To address these challenges, this dissertation describes a novel design for DNA computation called a localized hybridization network, where diffusion of DNA strands does not occur. Instead all of the DNA strands are localized by attaching them to an addressable substrate such as DNA nanotrack and DNA origami. This localization increases the relative concentration of the reacting DNA strands thereby speeding up the kinetics. This dissertation demonstrated a localized hybridization network that executed a chain reaction of five DNA hybridizations which executes faster than non-localized DNA reactions.

Another advantage of this approach is that each copy of the localized hybridization network operates independently of each other, allowing for a high level of parallelism. Localized hybridization networks also allow one to reuse the same DNA sequence to perform different actions at distinct location on the addressable substrate, increasing the scalability of such systems by exploiting the limited sequence space. An advantage of localized hybridization computational circuit is sharper switching behavior as information is encoded over the state of a single molecule. This also eliminates the need for thresholding as computation is performed locally eliminating the need for a global consensus.

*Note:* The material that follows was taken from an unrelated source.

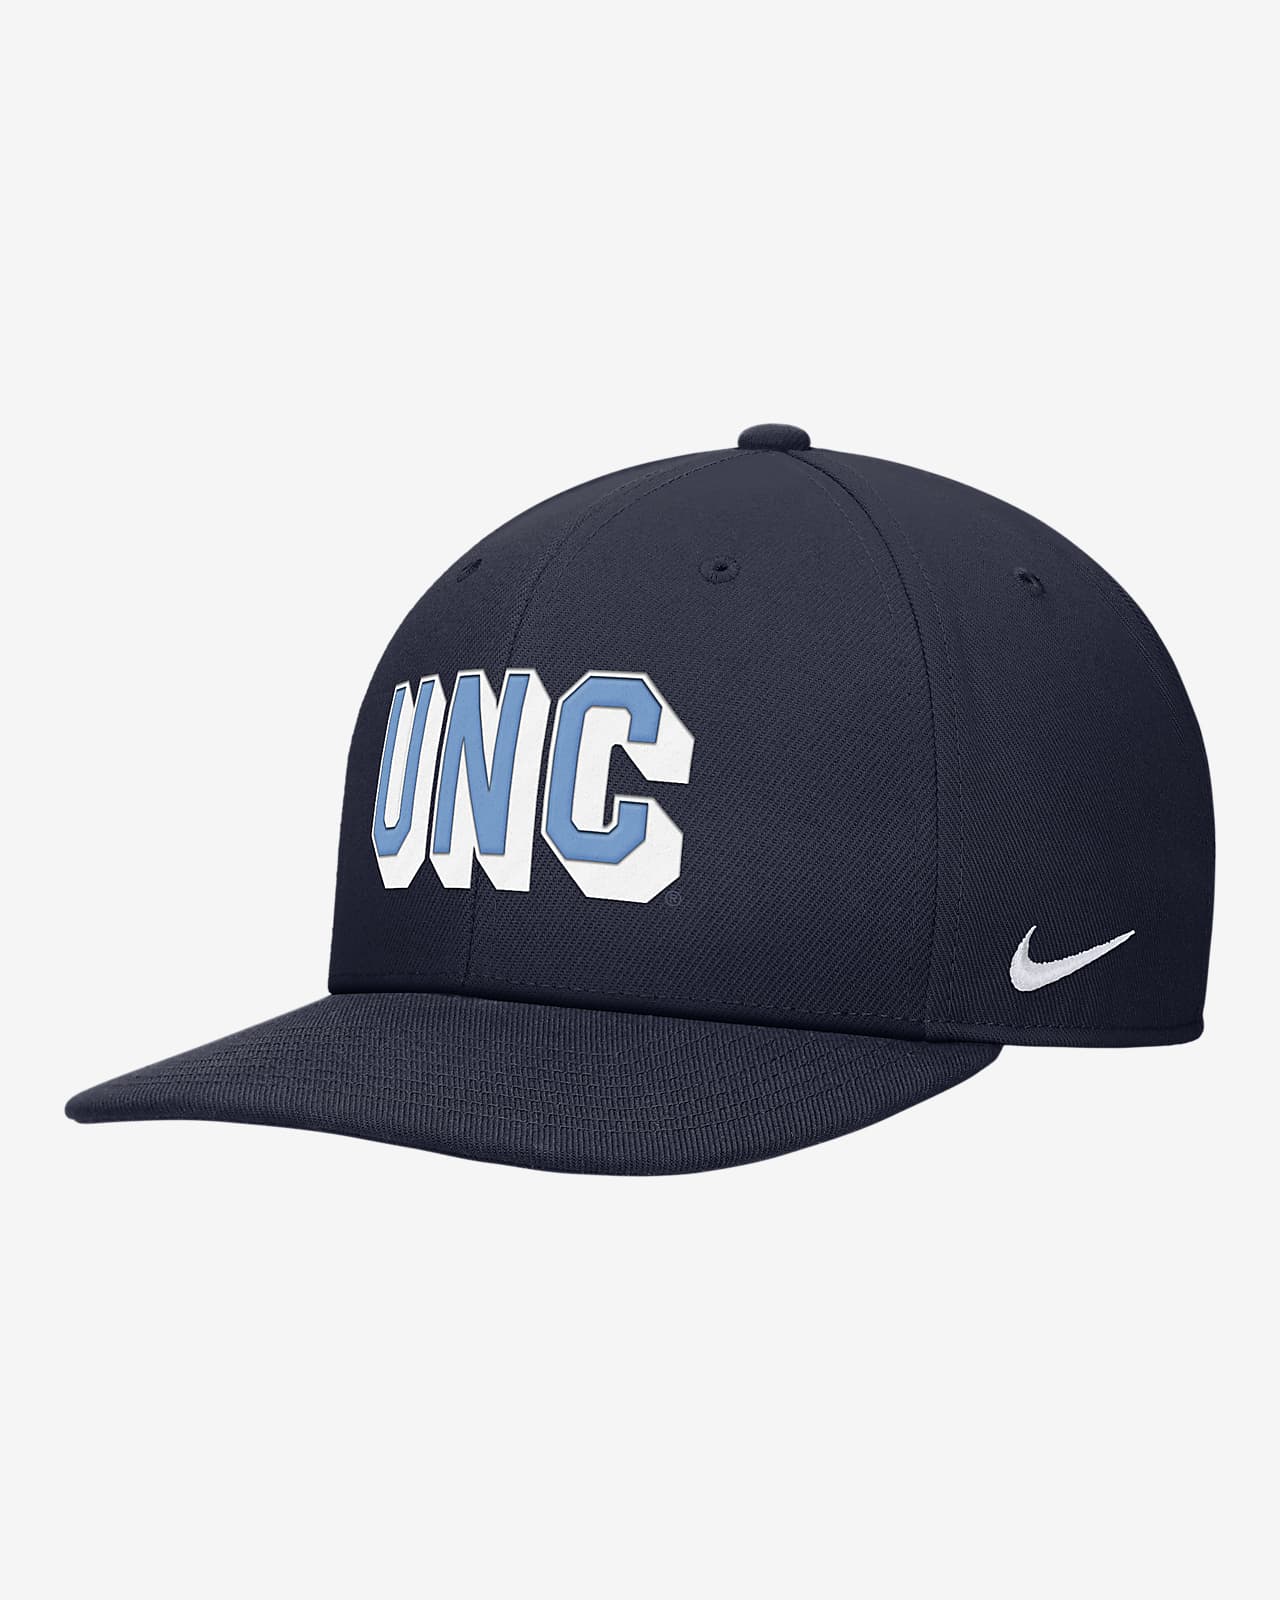 Gorra universitaria con cierre a presión Nike UNC

There are many applications for localized hybridization networks. These include counting the number of disease marker molecules in a patient, detecting various cancer DNA sequences, and detecting and distinguishing bacteria by their distinguishing DNA. The results from localized DNA hybridization reactions may also be of practical use in performing surface computation on cellular membranes for disease detection and prevention.





Bui, Hieu Trung (2017). Localized DNA Computation. Dissertation, Duke University. Retrieved from https://hdl.handle.net/10161/14374.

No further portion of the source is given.